Suppose that $A$ is a real skew-symmetric $n \times n$ matrix and $S = A^2$ (a symmetric matrix). Now we want to find all skew-symmetric square roots of $S$, i.e. all the skew-symmetric matrices $X$ such that $X^2 = S$. We know that the solution exists, namely $X = A$, and it is easy to immediately see one more solution, $X = -A$ (hence, the solution is generally not unique).

The question is: Can we express all the solutions $X$ with the elements of the matrix $S$?

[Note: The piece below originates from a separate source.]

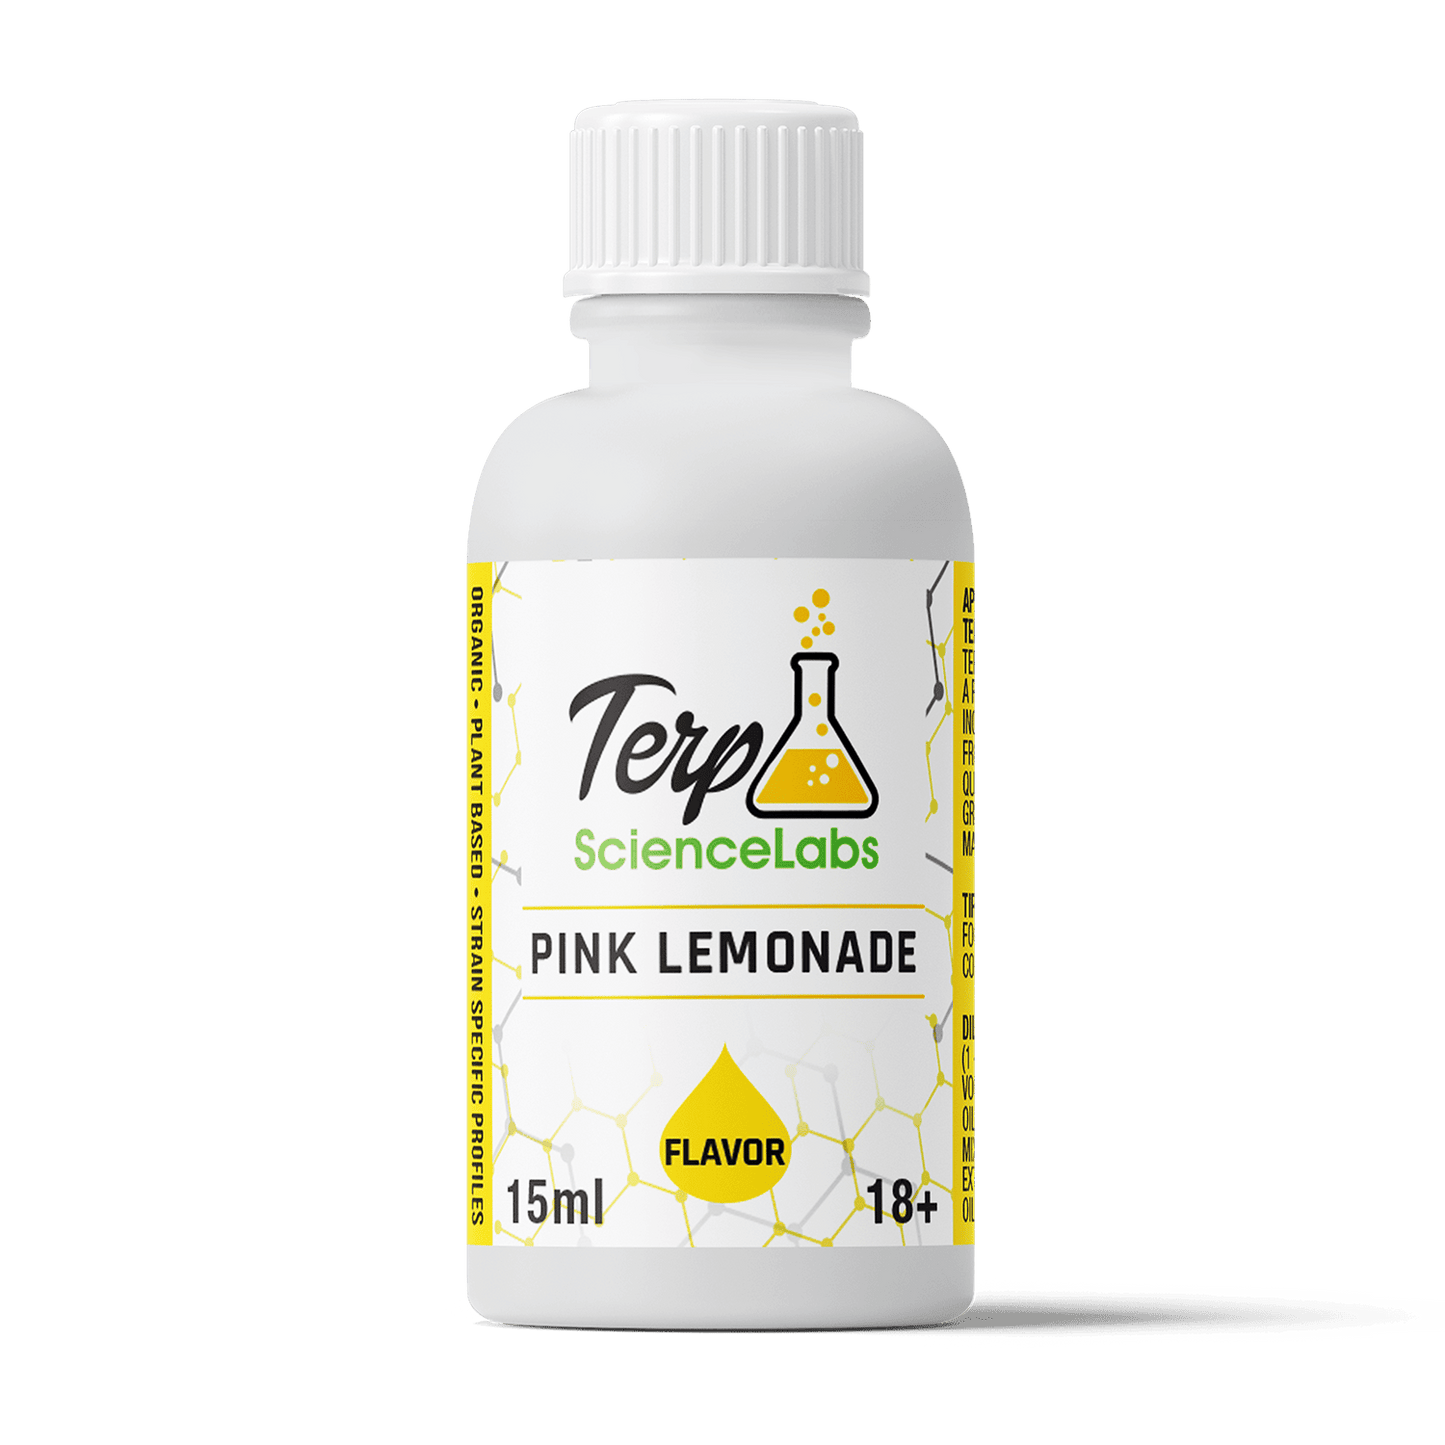 Pink Lemonade Flavor Profile

If I'm not mistaken, the answer is affirmative in the

the $n = 2$ case, $$A = \left( \begin{array}{cc} 0 & a \\ -a & 0 \end{array} \right) \ , \quad S = \left( \begin{array}{cc} -a^2 & 0 \\ 0 & -a^2 \end{array} \right) \ , \quad X = \left( \begin{array}{cc} 0 & \pm \sqrt{-S_{11}} \\ \mp \sqrt{-S_{11}} & 0 \end{array} \right)$$

and the $n = 3$ case, $$A = \left( \begin{array}{ccc} 0 & a & b \\ -a & 0 & c \\ -b & -c & 0 \end{array} \right) \ , \quad S = \left( \begin{array}{ccc} -a^2-b^2 & -bc & ac \\ -bc & -a^2-c^2 & -ab \\ ac & -ab & -b^2-c^2 \end{array} \right)$$ in which case the elements of the matrix $X$ are easily obtained from the linear system, $$X_{12} + X_{13} = \pm \sqrt{-(S_{11} + 2S_{23})}$$ $$X_{12} + X_{23} = \pm \sqrt{-(S_{22} - 2S_{13})}$$ $$X_{13} + X_{23} = \pm \sqrt{-(S_{33} + 2S_{12})}$$

However, I'm stuck with the general $n \ge 4$ case. Does anyone has some useful hint?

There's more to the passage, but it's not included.